An indication of accelerated wound closure
should reflect clinically meaningful reduction in the time to
healing using a time-to-event analysis (the event being
complete closure). Assessments should be performed at intervals
sufficiently frequent to detect a meaningful difference in
time-to-closure between treatment groups. If claims are sought
for both increased incidence of wound closure and
accelerated healing, the study should be designed to detect both
effects.
Because partial thickness donor sites
generally heal in 2 to 3 weeks with standard care regimens, when
considering clinical endpoints for a product that accelerates
closure of donor sites, the anticipated clinical benefit should be
taken into account. For example, a product that accelerated donor
site healing by only 1 or 2 days might provide clinical benefit if
it could be safely used in extensively burned patients requiring
repeated re-harvesting of donor sites. In studies where donor
site wounds are chosen as the primary target for efficacy
determinations, it is important to also assess the engraftment of
tissue obtained by re-harvesting as a safety evaluation, because
graft take should not be worsened by a product that accelerates
healing of donor sites.
If the claim sought is facilitation of
surgical wound closure by partial healing, studies should be
designed to measure the incidence of complete wound closure
following the needed surgical procedure (such as flap closure of
an extensive chronic pressure ulcer). The durability and quality
of the surgical wound closure should be assessed over time to
ensure that the product does not have a deleterious effect.
Studies
evaluating the cosmetic aspects of quality of healing (cosmesis)
can be designed to demonstrate a clinically significant effect on
outcomes such as scarring, the contour and feel of the healed
skin, or normalization of skin markings or pigmentation. In
choosing clinically relevant endpoints for an improved cosmesis
claim, it is important to consider the type and location of wound
(e.g., facial versus plantar surface of the foot) and whether a
reliable assessment tool exists, or can be developed.

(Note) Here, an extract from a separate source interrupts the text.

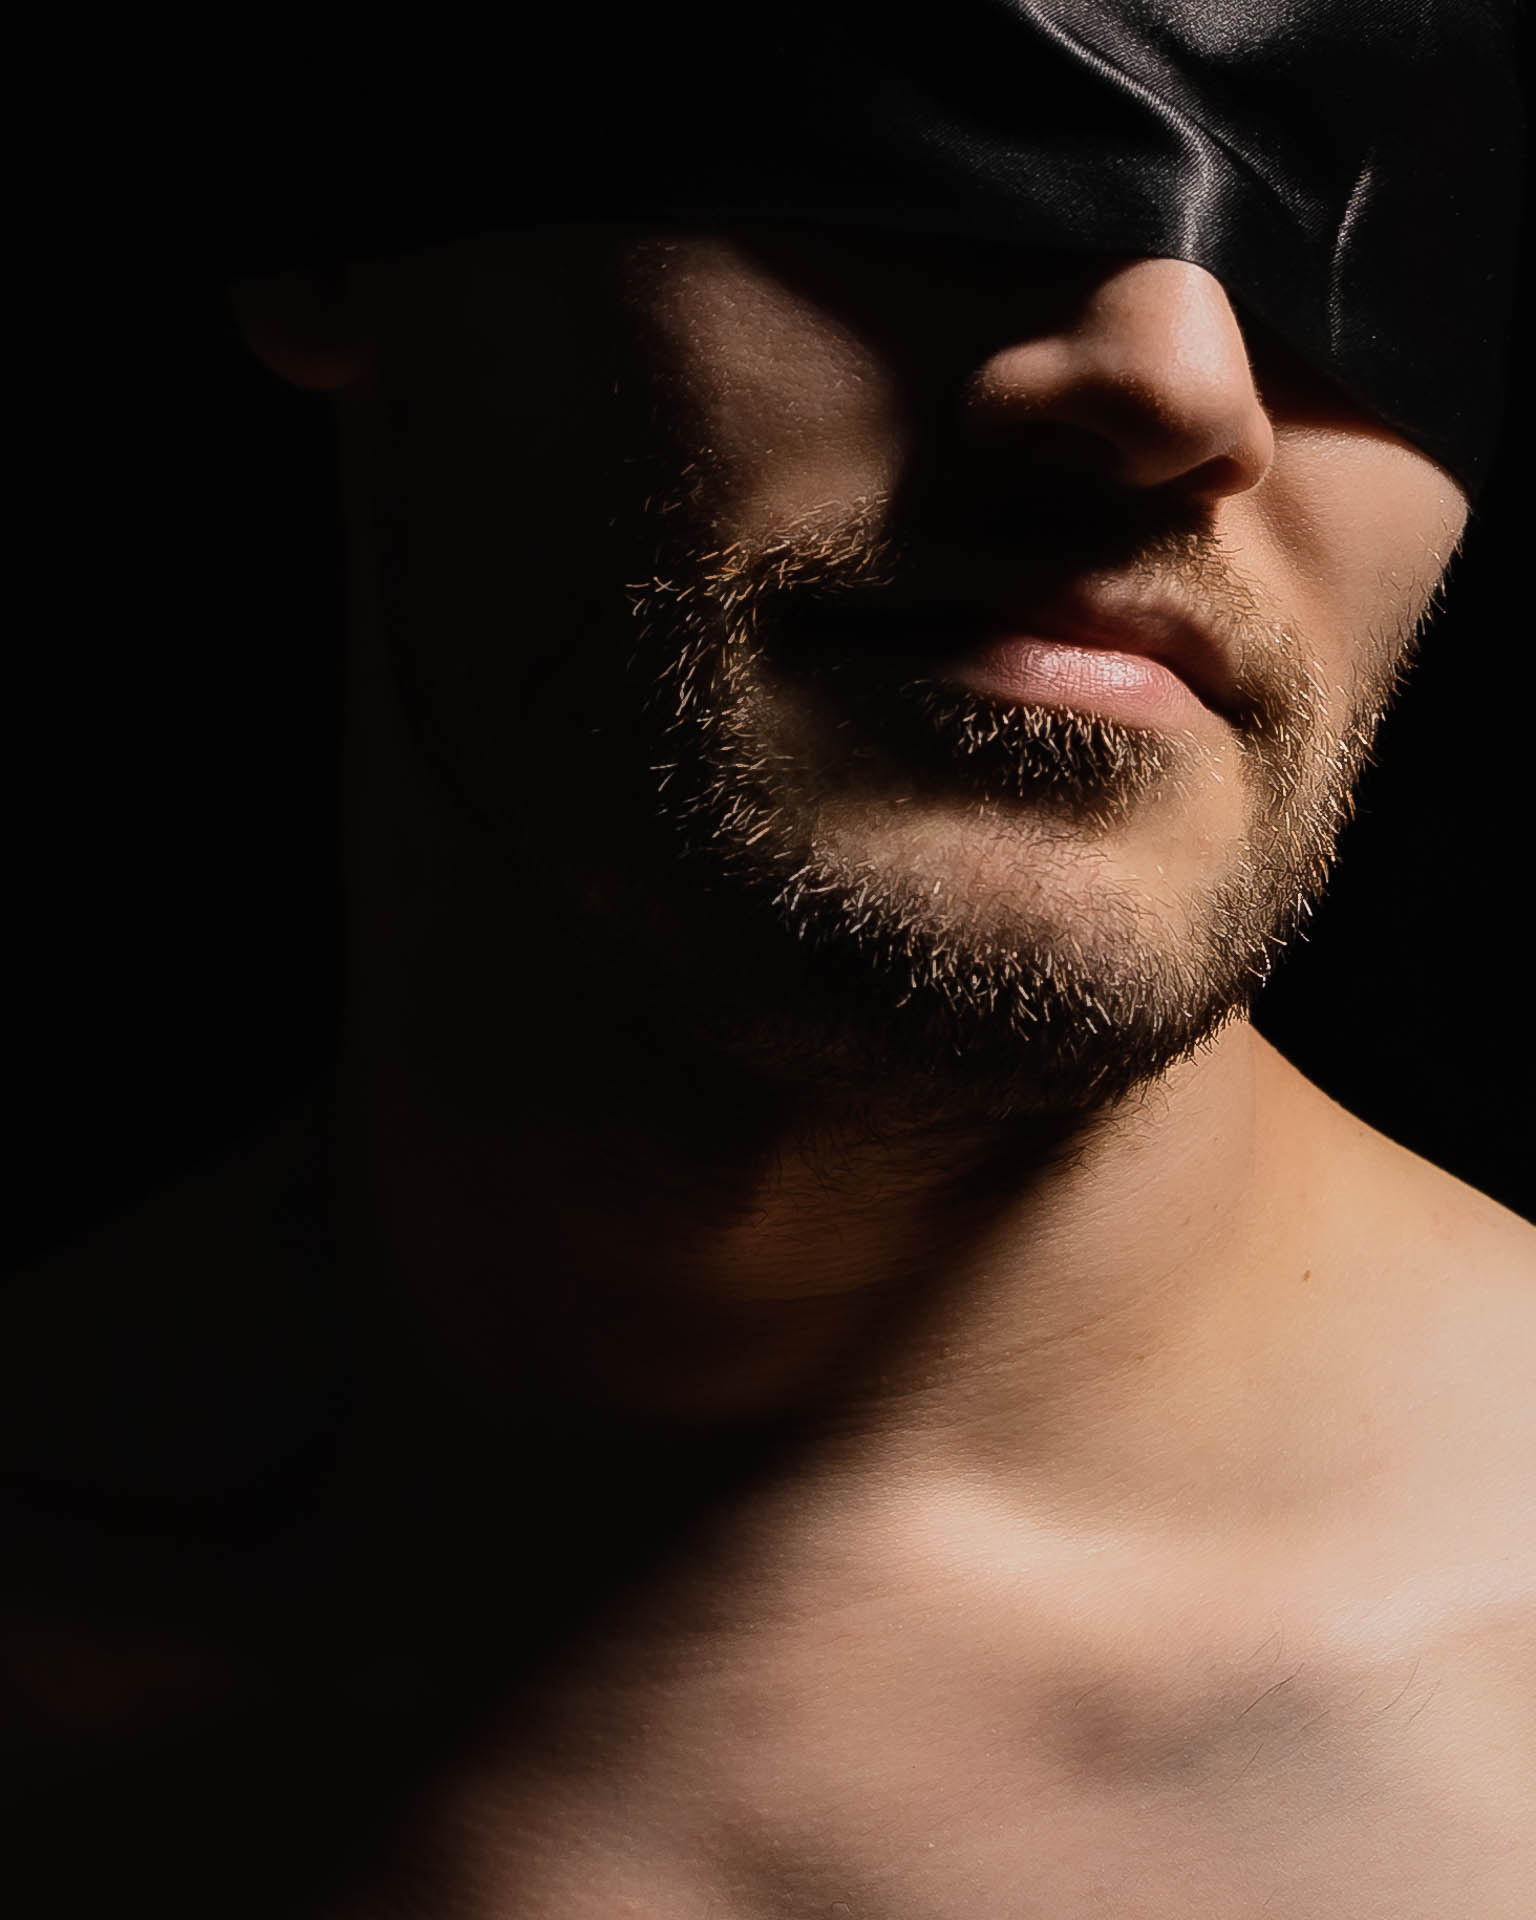 Ein Bodypart-Foto: Mann mit Bart und Augenbinde, close-up
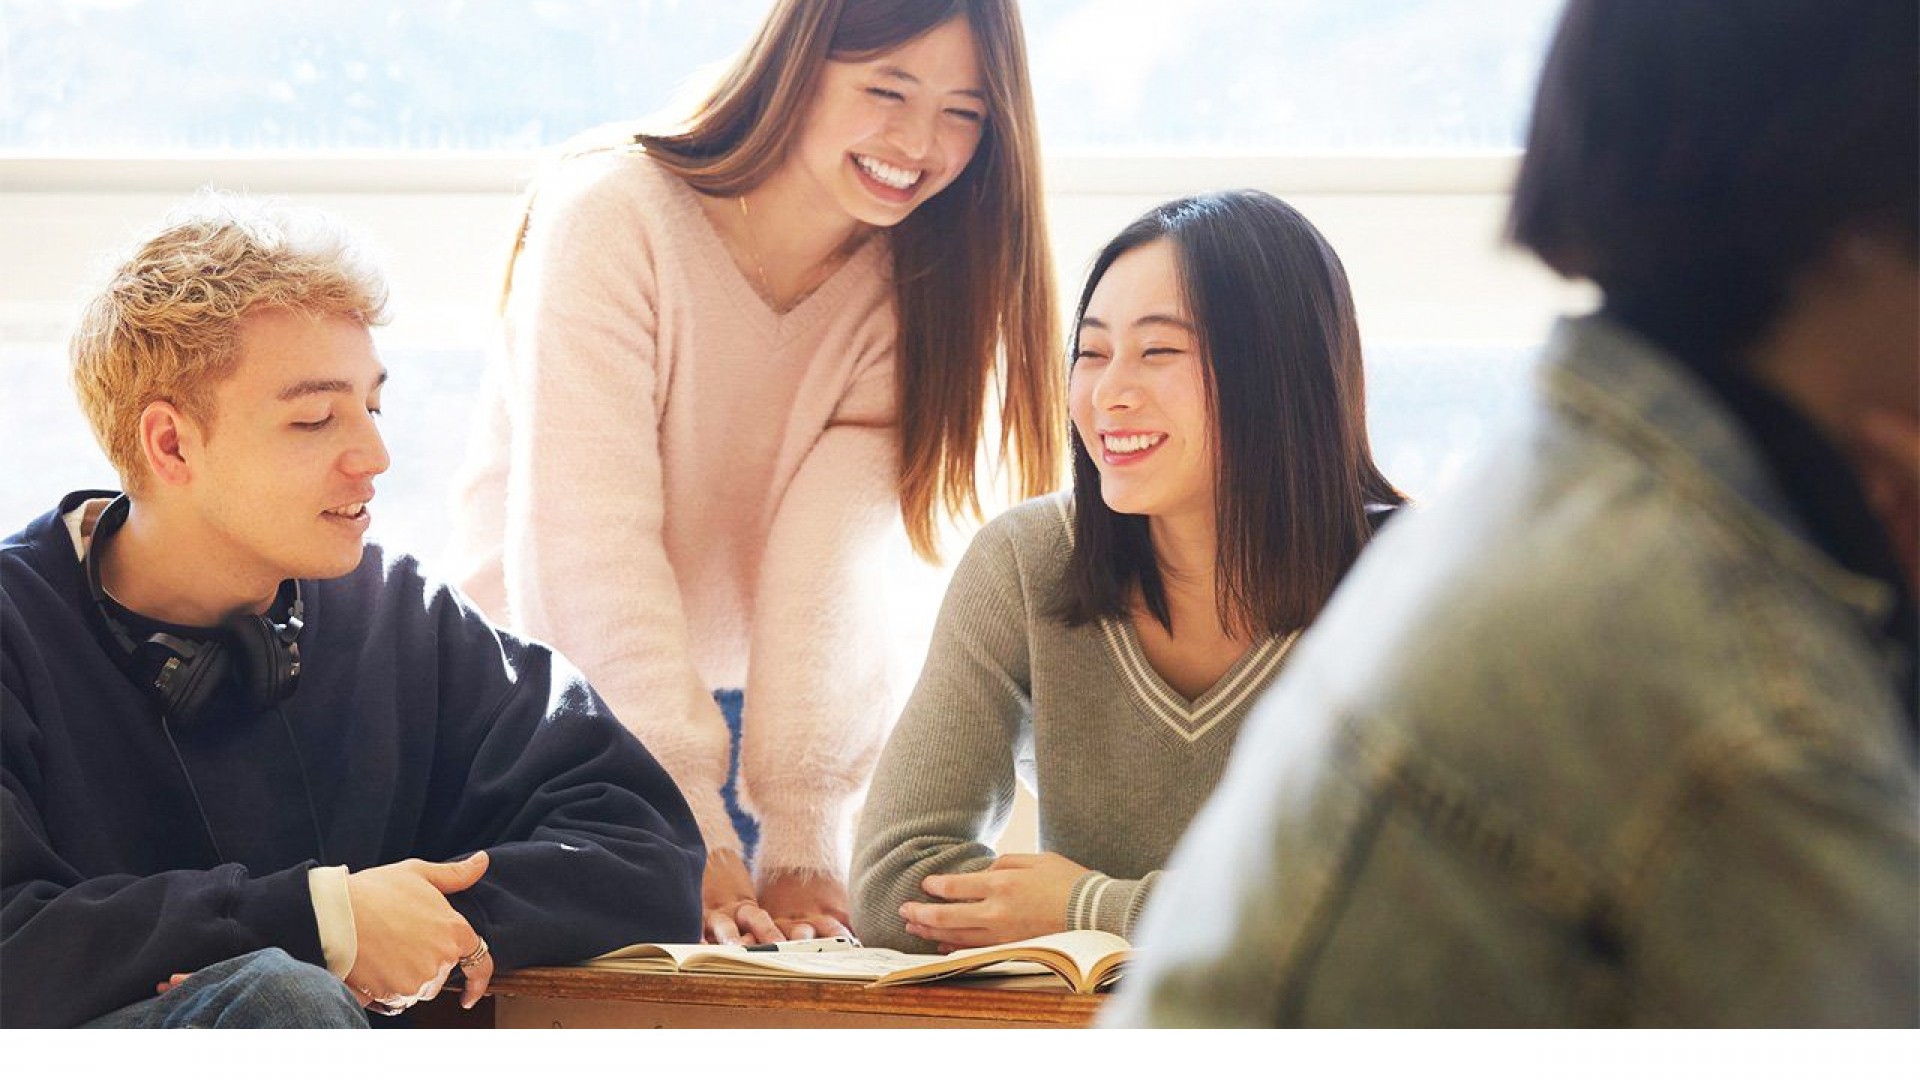 Học giao tiếp tiếng Nhật: Những tuyệt chiêu giúp bạn xây dựng kỹ năng phát triển hội thoại

Wound healing resulting in hypertrophic scar
formation can be a source of long-term morbidity by inhibiting
function (e.g., inhibition of range of motion across joints). As
such, wound-treatment products that reduce hypertrophic scarring
may also lead to improved function. Studies designed to evaluate
the outcome of improved function through clinically relevant
endpoints can be useful in supporting a labeling claim for
function.
We recognize that products intended for wound
management may provide important patient benefit without improving
the incidence or timing of wound closure relative to standard
care. However, it is important to demonstrate that such products
do not significantly impede healing. Thus, wound closure should
be evaluated as a safety outcome for all products with a wound
care claim.
Infection at the wound site impairs healing.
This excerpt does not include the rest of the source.